— YOUR TASK —
With the pictures omitted, repeat exactly the lines below starting with the line that has "Gluten free hot cross buns without yeast" and going on through the line that has "WILD MY CHILD".

___ RECORDS SHOWN

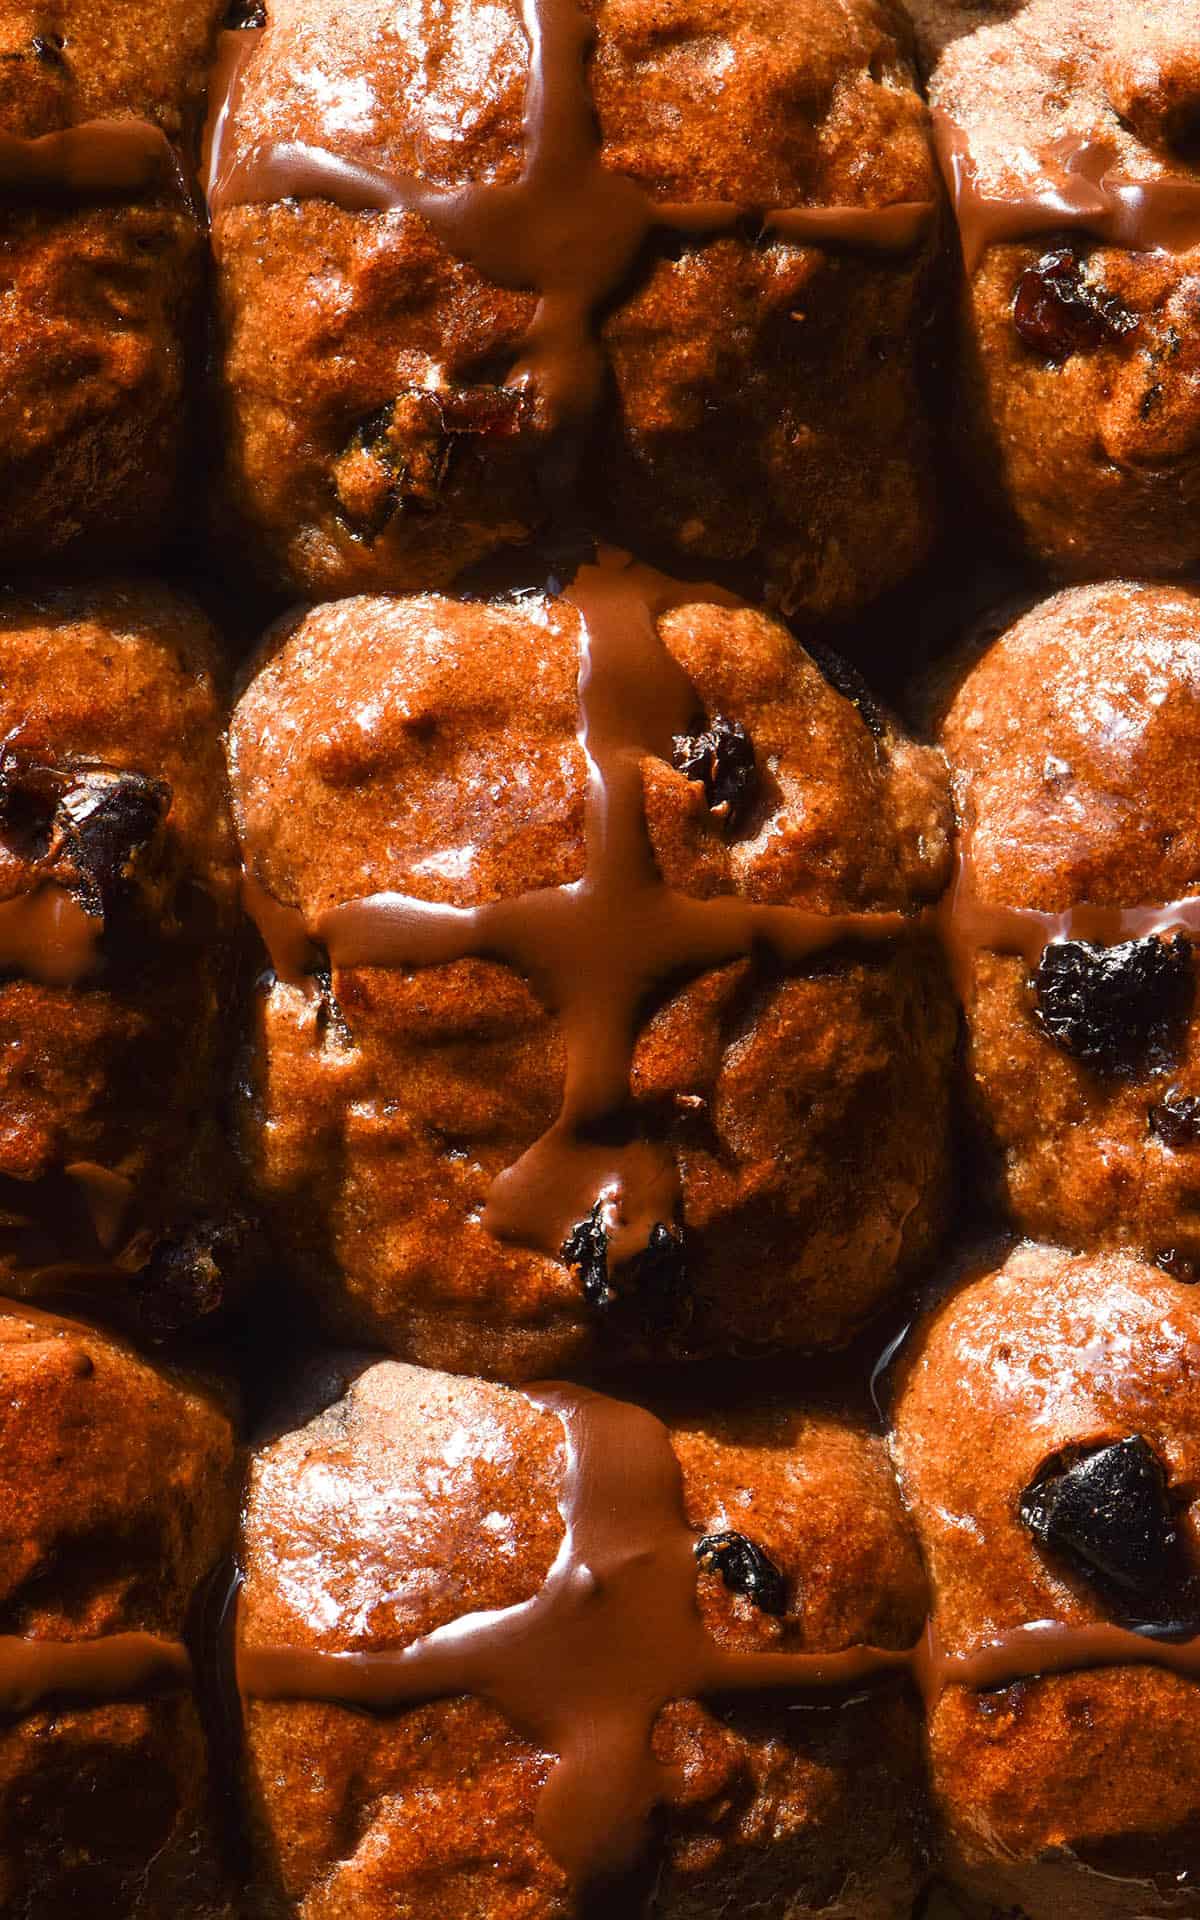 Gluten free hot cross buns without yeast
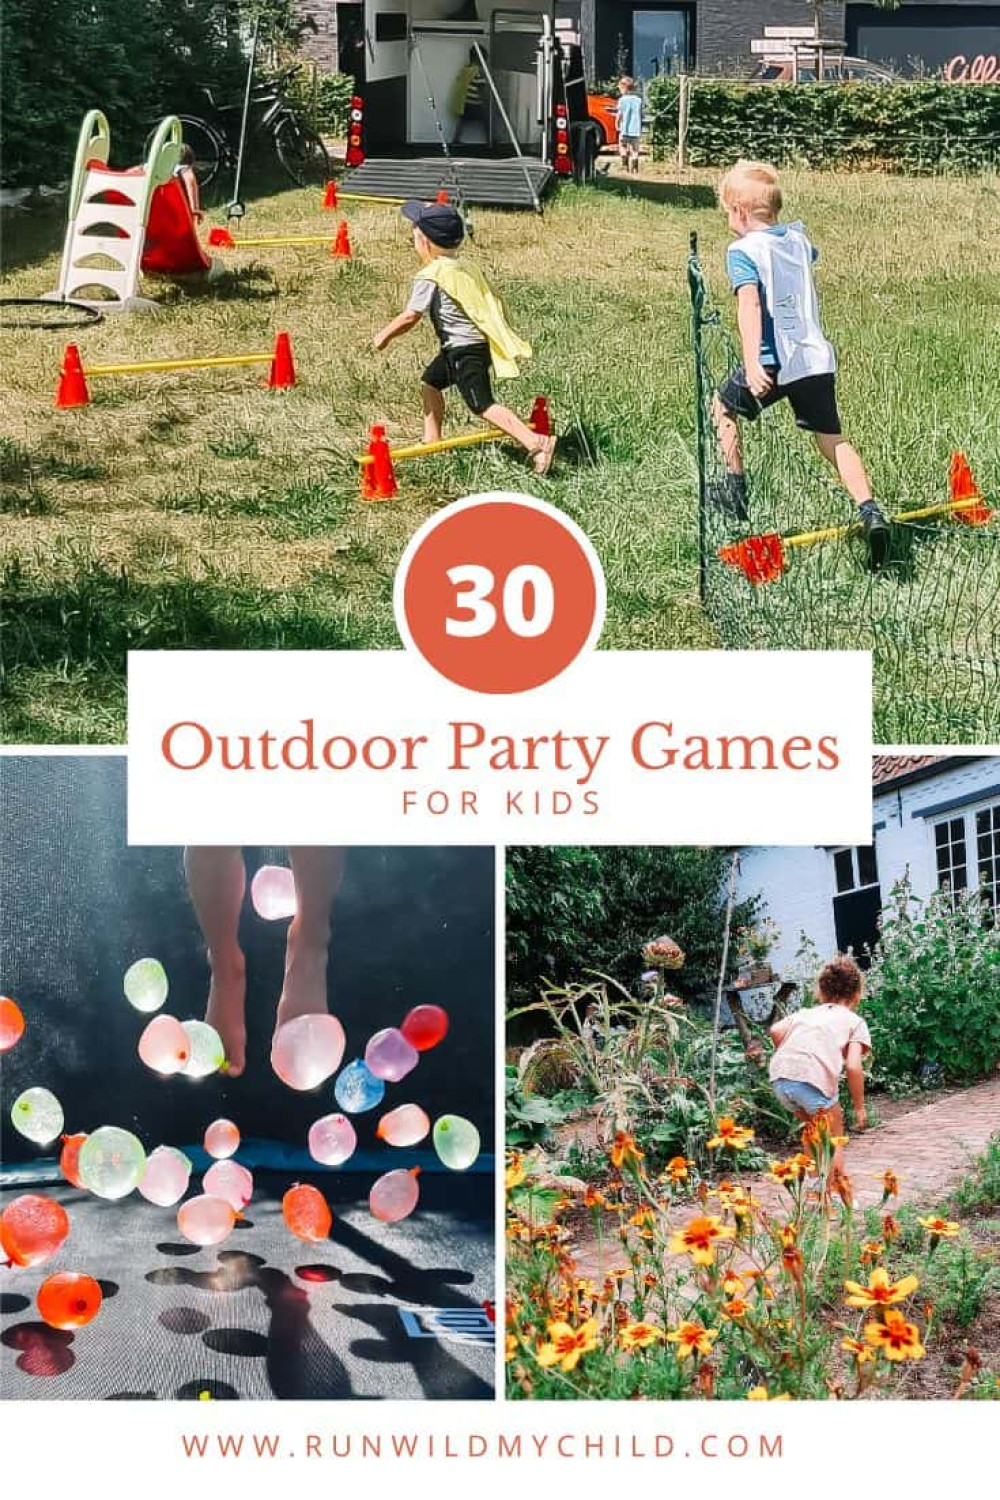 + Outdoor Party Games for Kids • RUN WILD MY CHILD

______
___ RECORDS SHOWN

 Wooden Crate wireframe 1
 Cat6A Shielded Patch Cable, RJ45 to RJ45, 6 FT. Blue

______

— RESPONSE AREA —
 Gluten free hot cross buns without yeast
 + Outdoor Party Games for Kids • RUN WILD MY CHILD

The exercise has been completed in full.